Thunder cracked in the distance, the noise rolling toward him in ominous waves, and Charlie’s gaze wavered between the sky, the forest, the pavement, and the rifle on his shoulder. Over the course of the past two days, he’d carried a weapon on him more than any other time in his life. And in that time frame, it already felt a part of him like his hands.
When Charlie neared the house he ditched the dirt bike on the back side of the house, then entered through the back door, kicking the dirt off his boots on the staircase before going inside.
The kids’ laughter pulled Charlie into the living room, where he found them setting up a board game.

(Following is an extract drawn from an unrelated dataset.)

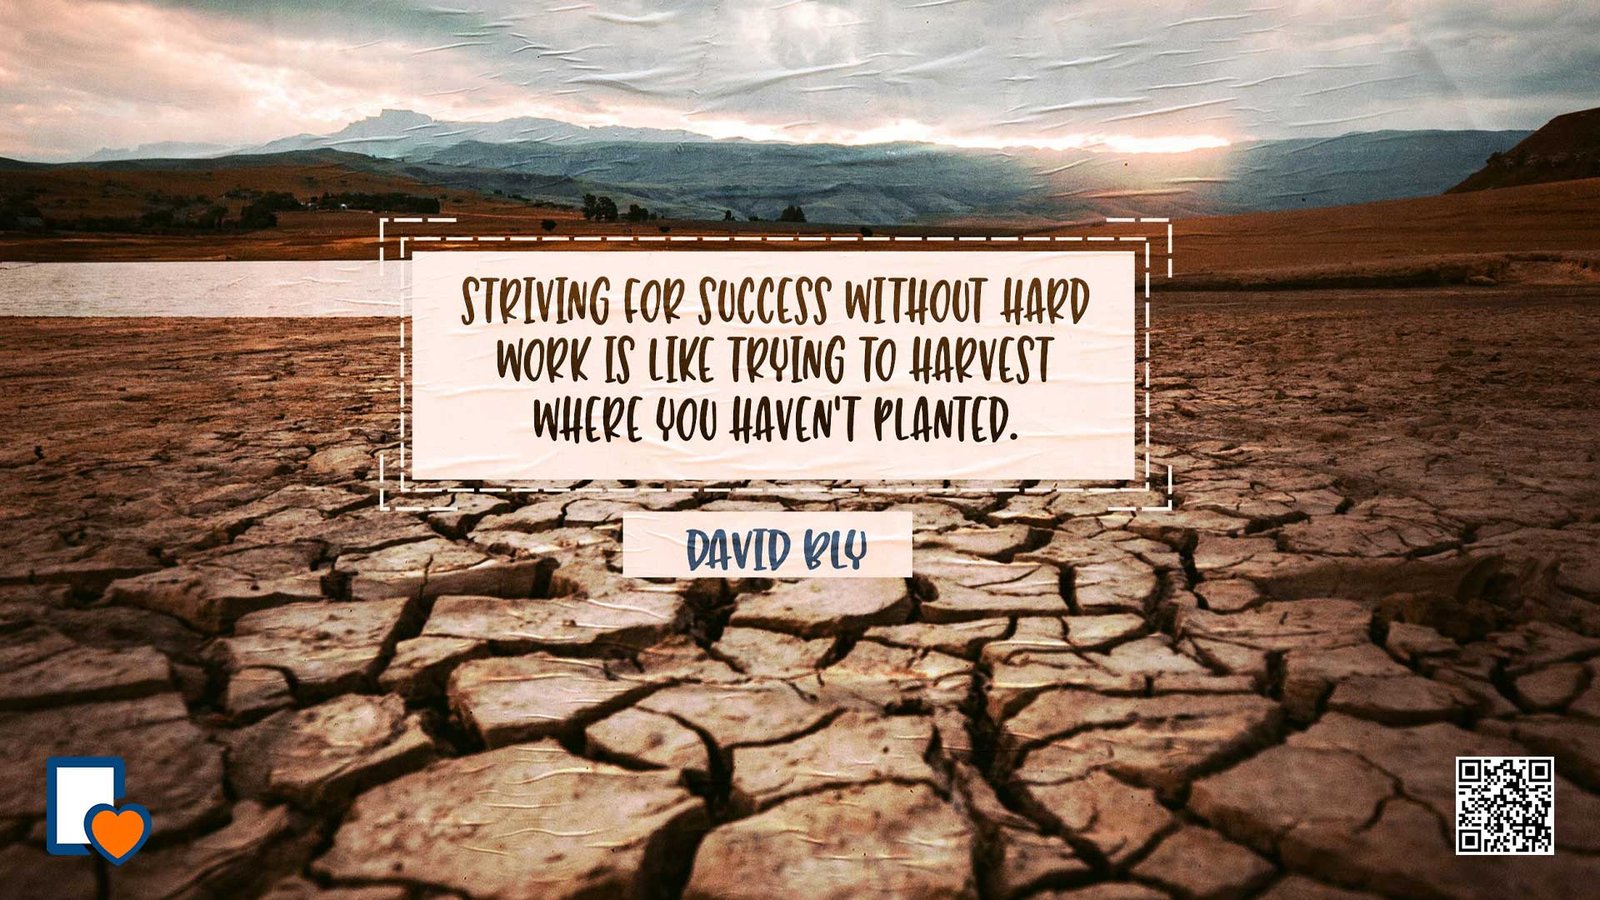 Striving For Success Without Hard Work Is Like Trying To Harvest Where You Haven't Planted. -David Bly

The workers filed in after him, each of them tracking dirt into the house.
A series of apolo
gies were uttered to Martha, the grown men bowing their heads like little boys who knew they’d done something wrong, the shame as clear on their faces as their nose and mouth.
Charlie watched the men interact with their families, all of them speaking in their native Spanish. He imagined that was most of their communication at home, and Charlie was glad that they all felt comfortable enough to speak it here.
But as he watched the families cluster together in the living room, he was pulled from the moment by a tug on his left pant leg. And when he looked down and saw Don’s youngest staring up at him, Charlie’s stomach soured.
“Where’s my mommy?” Dillon Bigelow asked. His face was covered in freckles, the bright orange of his hair a floppy mess on his head. He had his mother’s eyes, and Charlie remembered Amy back at Doc’s house, waiting for him to return with Mario or one of the other workers to carry her husband back to their house to be buried.
Martha came up behind Charlie, piggybacking onto Dillon’s question. “Yeah, how’s Don doing? Did you get Doc what he nee—” She cut herself off when Charlie turned his head to look at her.
Martha glanced down at Dillon, and then to his older brothers who were playing with Mario’s kids on the rug. She cleared her throat and then squeezed Charlie’s shoulder before she took hold of Dillon’s hand and led him over to join his siblings.
Knowing the longer he waited to put it off, the worse it would be, Charlie caught Mario’s attention and beckoned him into the kitchen.
The weathered field hand placed both hands on his hips like he did whenever he listened intently, striking the serious tone which had granted him the authority and respect of the position his father had given him. In all respects, Mario was the right hand at the orchard. Without him, it fell apart.
“Don passed,” Charlie answered.
Mario simply nodded, the news registering slowly on his face.
“I need you to come and help me move the body back to their house. Amy wants to bury him there. We’ll have a service when she’s ready.”